Marriage

MARRIAGE MEANS CHANGE

Any new situation, even wedded bliss, creates the stress that’s a natural part of change. Understanding that you and your new spouse need time to adjust to these changes is an important tool. Habits that you thought were endearing may now drive you to distraction. It’s important to be flexible and to learn how to flow with the changes and problems that may arise. Communication is perhaps the most essential tool in a successful marriage. Keep the lines of communication open between you and your spouse.

TAKE TIME FOR YOURSELF

Joined in marriage does not mean joined at the hip. Although it’s tempting the first few months to spend all your spare time together, remember that you’re still two different people and you need to make time for yourself. Whether it’s a night out with the girls, or an hour alone to good book, find something to do for yourself.

FIGHTING FAIR

Arguments are inevitable. How you handle them is critical. Remember to use “I” messages. Instead of saying, “You hurt my feelings when you went bowling without me!” try “I felt hurt when you left without me.” Sharing feelings instead of blaming helps keep the discussion on track.

Try to keep your words positive, even when you’re upset. Try “I’m less likely to worry if you call when you aren’t going to make dinner” instead of “If you would have just picked up the phone and dialed, I wouldn’t be so angry.”

Use reflective listening. After your spouse airs his feelings, try to repeat back exactly what he said. You will have to really listen to him to do this and he will feel that he is heard.

COMPROMISE

Compromise does not mean that neither of you gets your way. Finding a middle ground where you are both happy is the goal.

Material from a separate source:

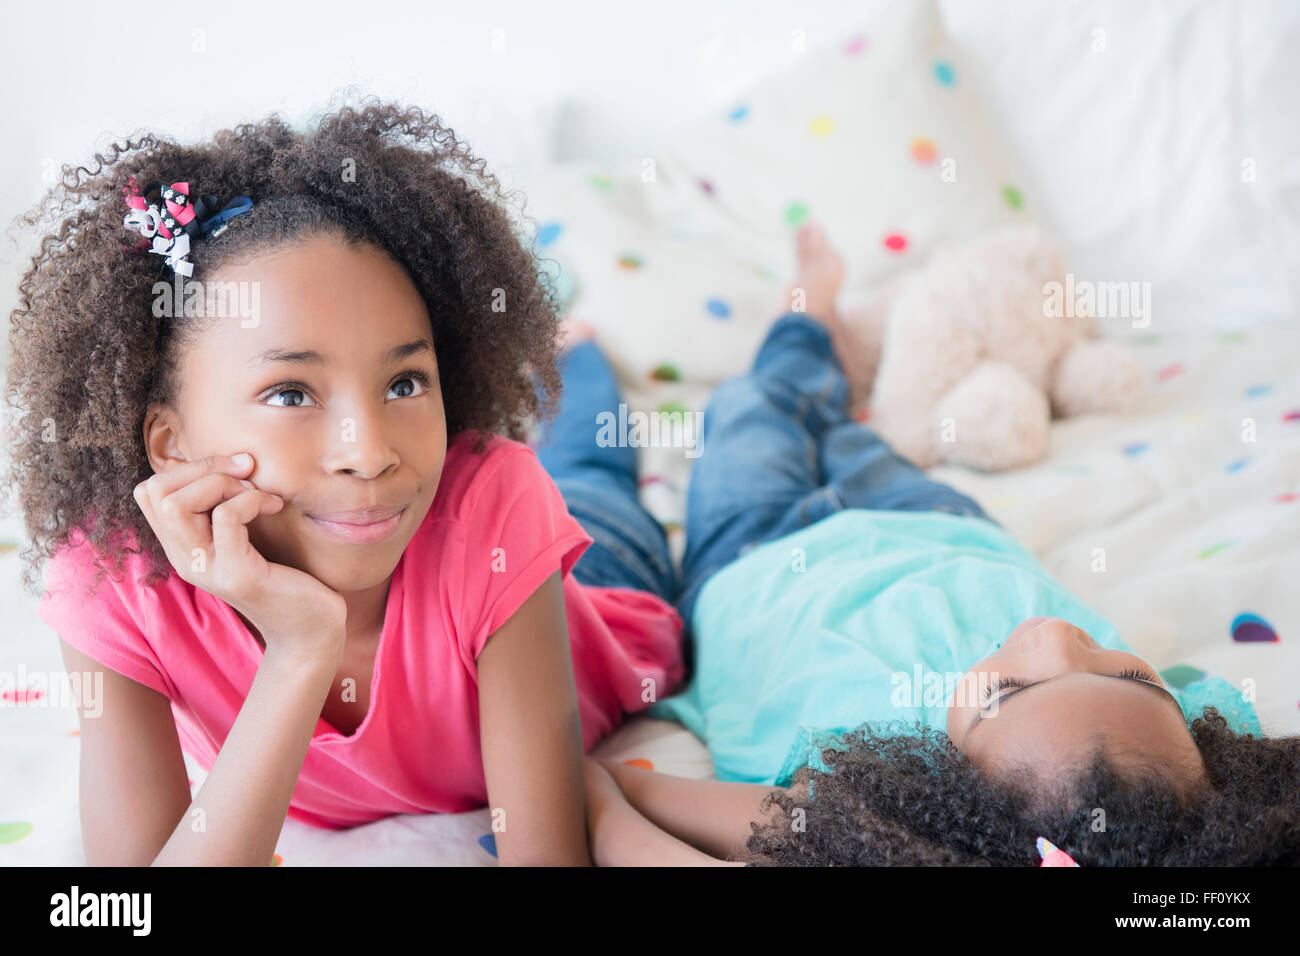 Gemischte Rassen Schwestern auf Bett Stockfoto
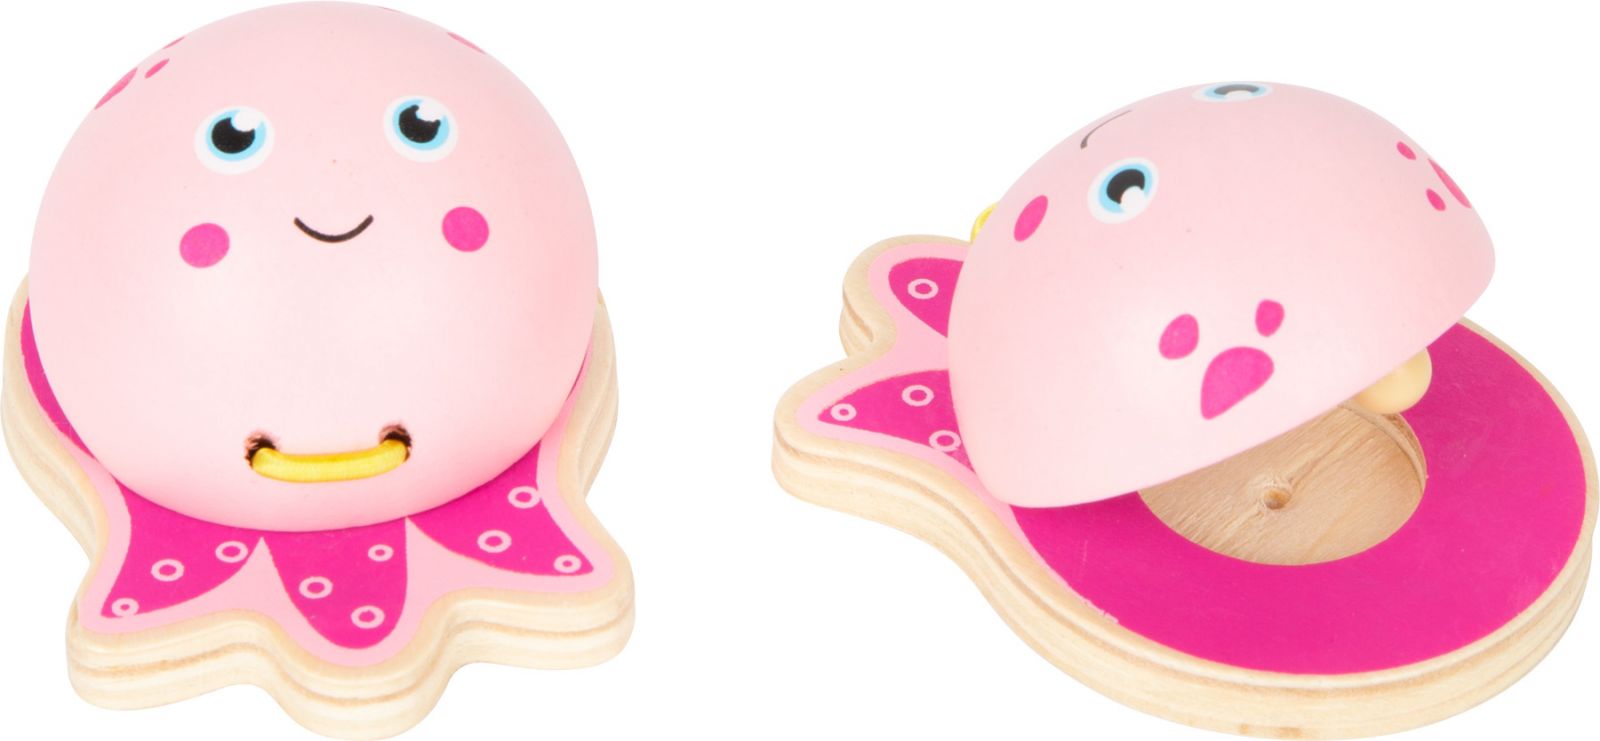 Dřevěné hračky Small foot Kastaněty mořští živočichové růžová medúza 1 ks Small foot by Legler

If you both feel strongly about something, take turns explaining why you feel the way you do. Understanding the other point of view makes compromise more workable.

QUALITY TIME

It’s easy to assume that once you’re married, dating is no longer necessary. Part of what nurtured the love between you before you went to the altar was the special time you spent together eating out, seeing movies and spending quality time alone. This is especially important if there are children in your home or you have equally demanding careers. Make time for regular quality time together whether it’s once a week or once a month.